O Governo encarregou a Autoridade Nacional de Proteção Civil de realizar um estudo sobre a possibilidade de utilização de meios aéreos para combater os fogos na ilha da Madeira.

Fonte oficial do Ministério da Administração Interna (MAI) disse à TVI que, por despacho do secretário de Estado da Administração Interna, Jorge Gomes, datado de 23 de dezembro de 2016, “foi encarregue a Autoridade Nacional de Proteção Civil da realização de um estudo sobre a adequabilidade de utilização de meios aéreos na Ilha da Madeira para a missão de combate a incêndios florestais”.

E a acrescentou que, segundo o mesmo despacho, “determina-se a promoção dos testes operacionais considerados adequados”.

Uma decisão que surge depois de o próprio Governo Regional da Madeira ter assumido, ainda no verão, que ia elaborar um documento sobre esta matéria para avaliar a possibilidade de utilização dos ditos meios para combater fogos no arquipélago.

Fonte oficial do gabinete da presidência do Governo Regional da Madeira confirmou à TVI que “foi solicitado ao Governo da República um parecer, no prazo de 120 dias, acerca das vantagens e dos inconvenientes do uso de meios aéreos em áreas florestais e urbanas na Região Autónoma da Madeira”.

Um pedido feito com o conhecimento do primeiro-ministro, António Costa.

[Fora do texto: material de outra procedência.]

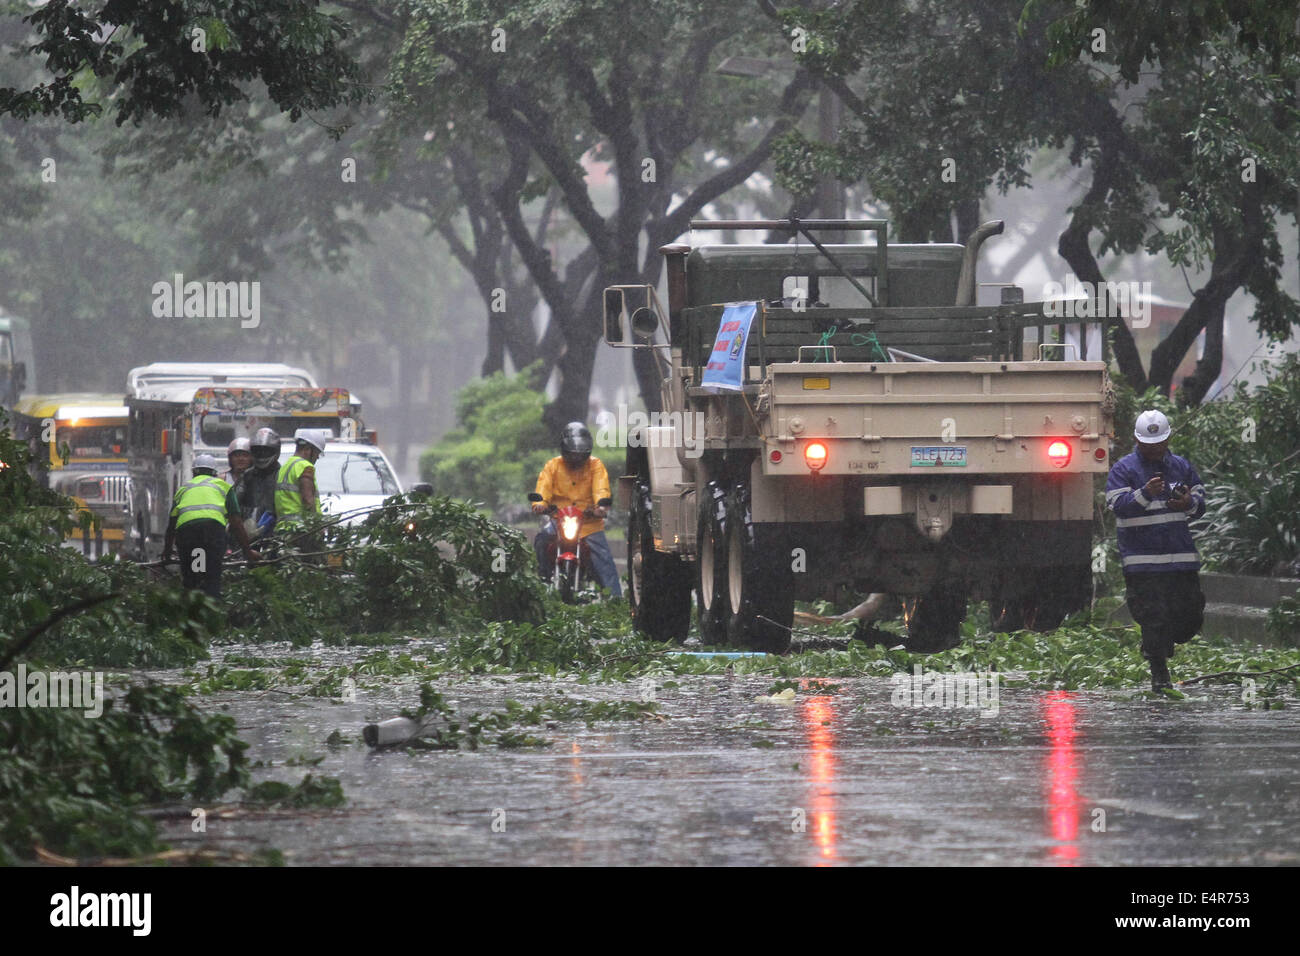 Manila, Philippines. 16th July, 2014. Rescue workers from the local government remove debris from the road as Typhoon Rammasun hit Metro Manila. Typhoon Rammasun (locally known as Glenda) had maximum sustained winds of 150 kph and gustiness of up to 185 kph when it hit Metro Manila. Across the country, about 400,000 people had fled their homes and sheltered in evacuation centers, according to the disaster management council. © PACIFIC PRESS/Alamy Live News Stock Photo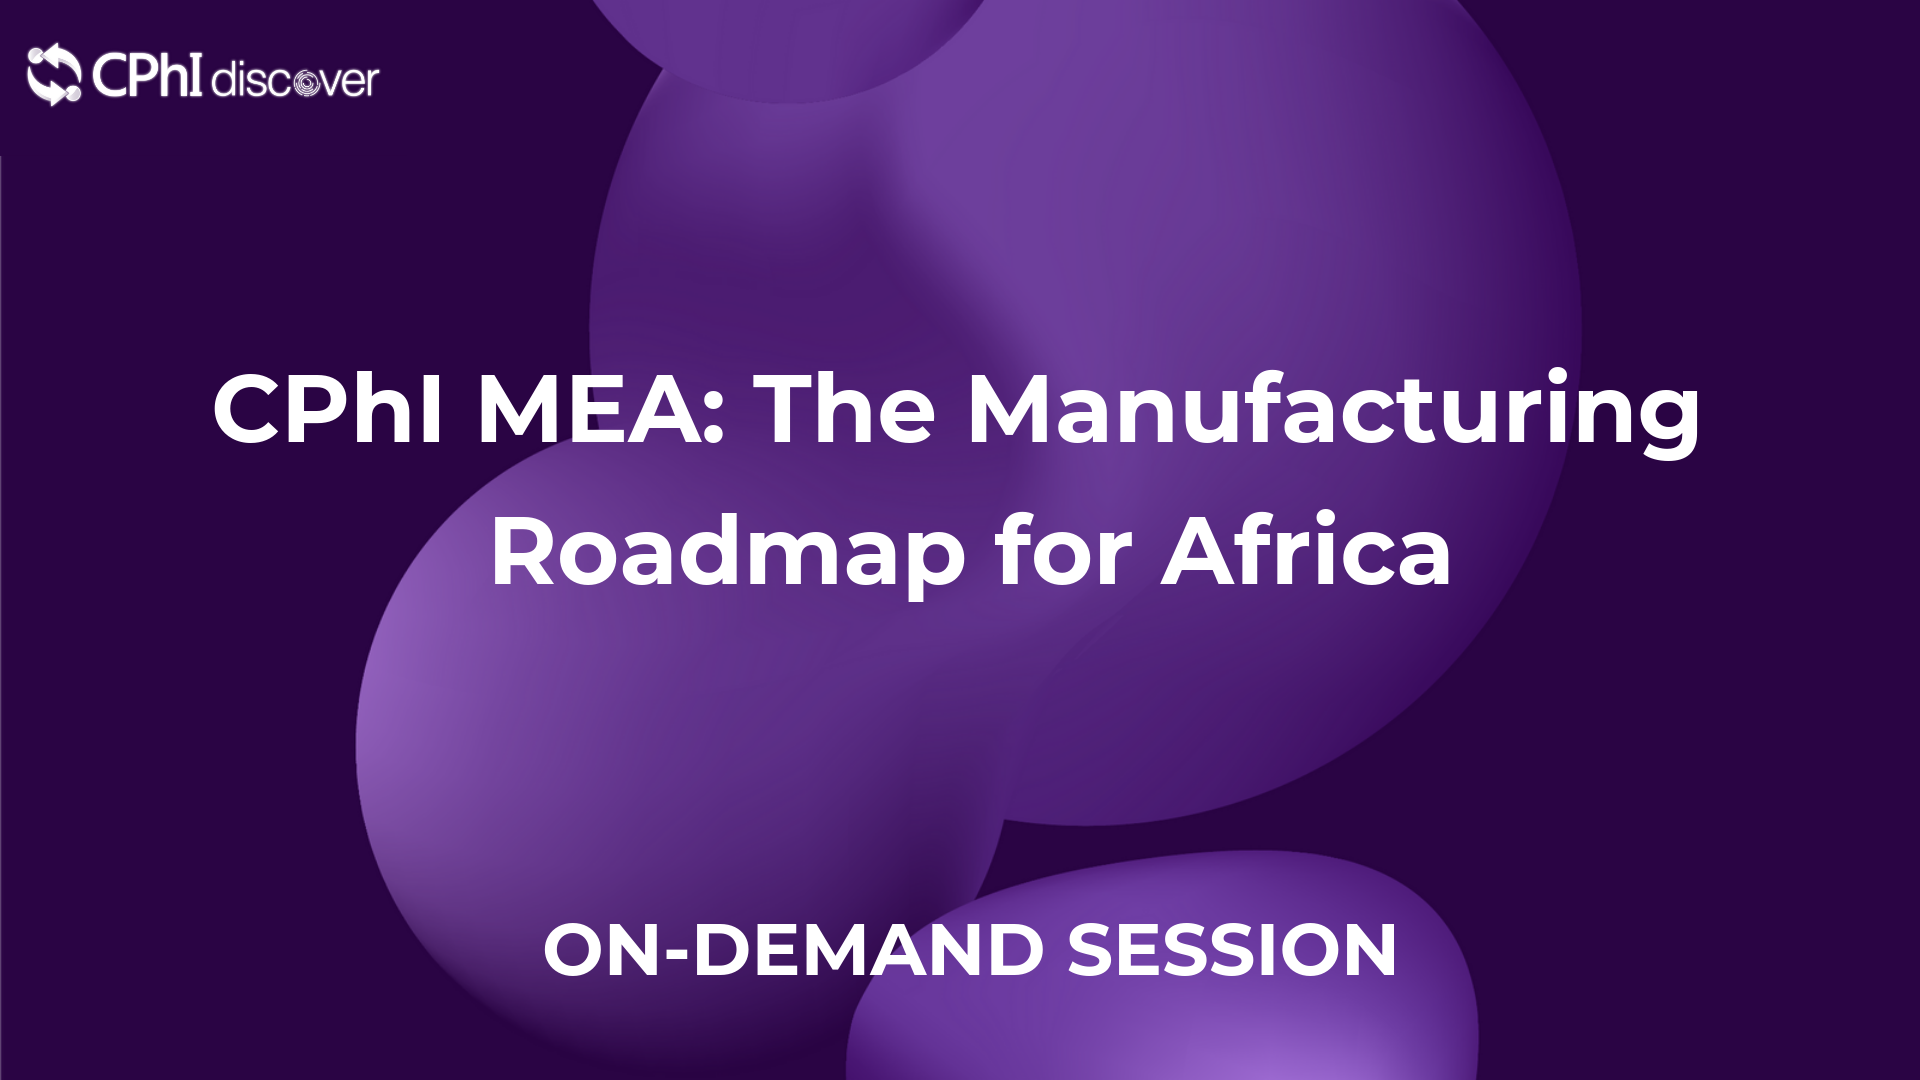 CPHI MEA: The Manufacturing Roadmap for Africa

O objetivo foi “garantir total rigor e independência nas conclusões/recomendações que serão apresentadas”, acrescentou.

A pedido do Governo Regional, o prazo para haver tal parecer terminava, assim, a 20 de dezembro passado mas o despacho do secretário de Estado do MAI, para que seja elaborado, é de 23 de dezembro.

Fonte oficial do ministério da tutela não quis, no entanto, adiantar qual o timing para que o dito parecer esteja concluído pela Proteção Civil.

Relatório sobre meios aéreos sai da "gaveta"?

Um parecer que pode dar, agora, andamento ao relatório divulgado pela TVI em agosto, “Meios Aéreos empregues em Missões de Interesse Público”, que estava “na gaveta” do Governo PS desde o anterior Executivo, de Passos Coelho.

Um ofício do Governo Regional, de 11 de agosto de 2016, assumia que a primeira fase do relatório do grupo dos Meios Aéreos em Missões de Interesse Público- MAMIP, que integrou o presidente do SRPC [Serviço Regional de Proteção Civil], IP-RAM, e a sua entrega aconteceu em setembro de 2015. Uma entrega feita aos ministérios da Defesa Nacional, Administração Interna e da Saúde da altura. Mas após a mudança de Governo “a 2.ª fase dos trabalhos - emissão de parecer final - ainda não avançou”.

Durante a calamidade que assolou a Madeira no verão passado, o presidente do Governo Regional, Miguel Albuquerque, disse existirem “opiniões especializadas contraditórias” sobre a utilização de meios aéreos para combates aos fogos na Madeira e daí a necessidade de levar em frente esta solicitação de um novo parecer.

O relatório divulgado pela TVI já aconselhava:

Estudar detalhadamente a adequabilidade da operação de meios aéreos na ilha da Madeira para fazer face ao recente incremento de incêndios florestais (a partir de 2010), tendo em consideração os constrangimentos específicos do ambiente de operação”. E acrescentava que “o estudo deverá ser realizado e operacionalizado entre a Autoridade Nacional de Proteção Civil (ANPC), RAM e FA “quando for considerado oportuno por estas entidades”.

Em agosto passado, o primeiro- ministro assumiu que desconhecia o relatório mas garantiu que iam analisar o tema.

O relatório aconselhava também maior intervenção da Força Aérea (FA) em missões de interesse público, concretamente no combate aos fogos. Bem como a adequação de mais meios aéreos de combate a incêndios na Madeira.

Se o modelo, elaborado a pedido do Governo de Passos Coelho, tivesse avançado, a FA estaria a ser preparada para o combate contra as chamas. Um plano que previa, em 2016, pelo menos, o envolvimento na vigilância das matas, com os C-295.

Sob a batuta do Governo de Coelho entre a criação do grupo de trabalho e a apresentação do estudo final mediaram dois anos. 

No ano passado arderam 160 mil hectares em Portugal, mais de 50% de toda a área ardida na União Europeia. Destes, quase dois mil hectares só na Madeira.